Error Handling with Results

let
  Result = { success, value, error };
  safeDivide = a: b:
    if b == 0
    then Result { success: false; error: "Division by zero" }
    else Result { success: true; error: null; value: a / b };
in
  safeDivide 10 0

Debugging

Use echo for logging:

let
  debug = msg: val:
    let
      _ = echo ("[DEBUG] " + msg + ": " + toString(val));
    in val;
in
  debug "Starting..." (1 + 2)

πŸ”§ Advanced Topics

Modules and Imports

Nixi supports importing other .nixi files (future feature; currently, compose in single files).

Performance Tips

  • Use tail recursion for large iterations.
  • Avoid deep nesting; compose functions.
  • Lazy evaluation for large data structures.
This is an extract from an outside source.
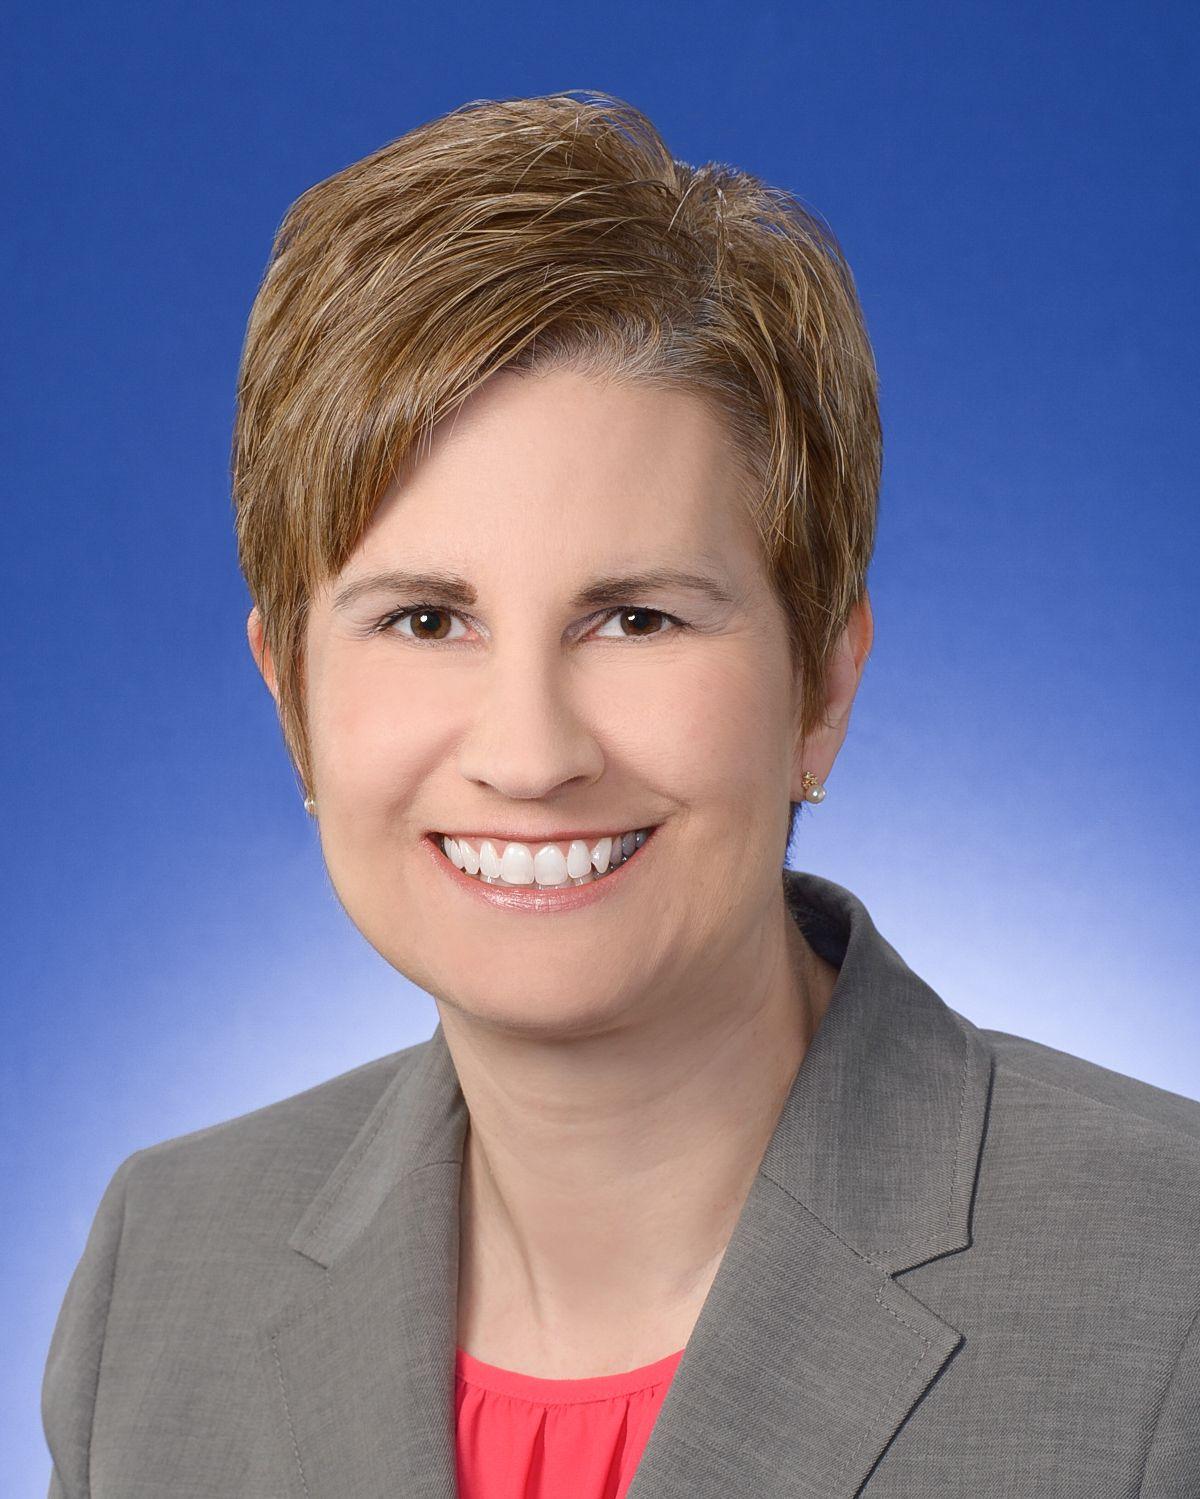 Theresa A. Basciano, QKA
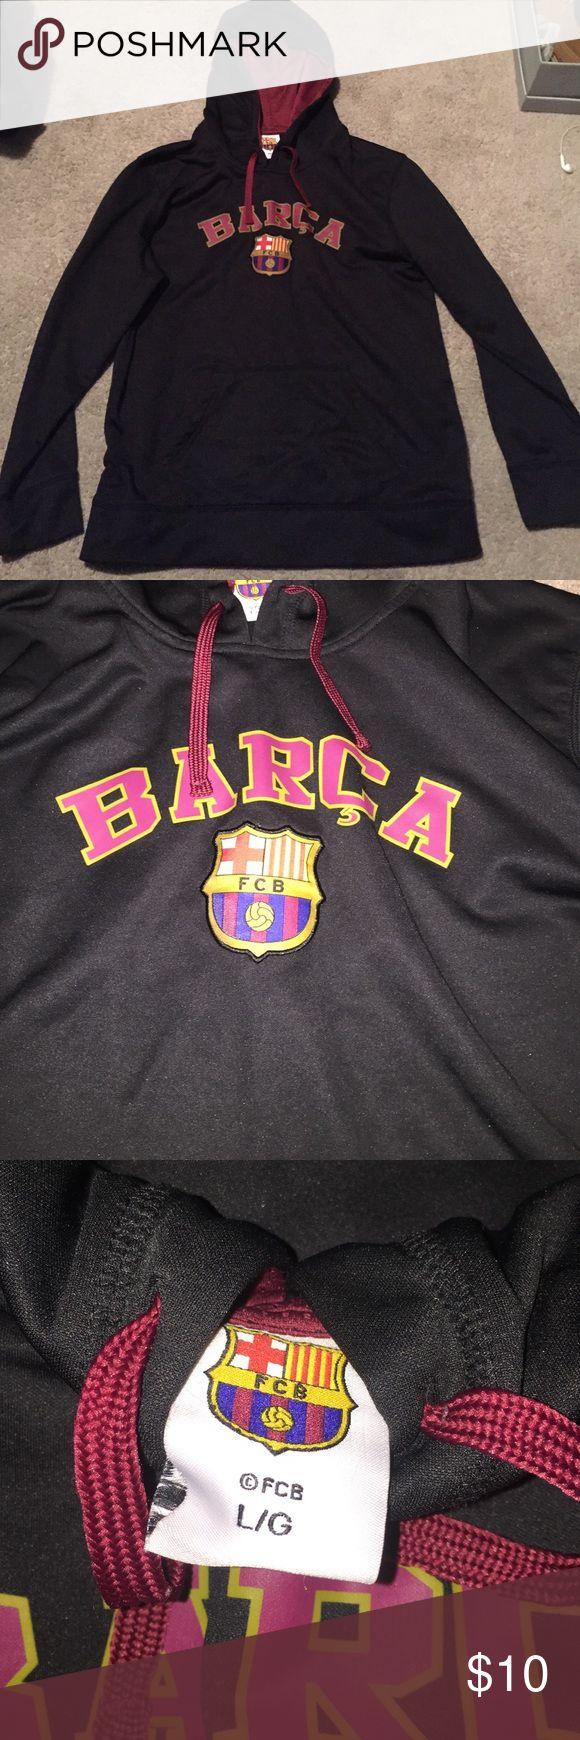 Men's FC Barcelona sweatshirt Men's black size large Fc Barcelona soccer sweatshirt. Great for soccer fans Shirts Sweatshirts & Hoodies

Integration with JavaScript

Compiled output includes JS for events; extend with custom scripts.

Best Practices
  • Immutability: Never mutate data; return new values.
  • Pure Functions: Functions should depend only on inputs.
  • Component Reusability: Parameterize components for flexibility.
  • Error Boundaries: Wrap risky operations in Result types.
  • Testing: Test functions with various inputs; use assertions.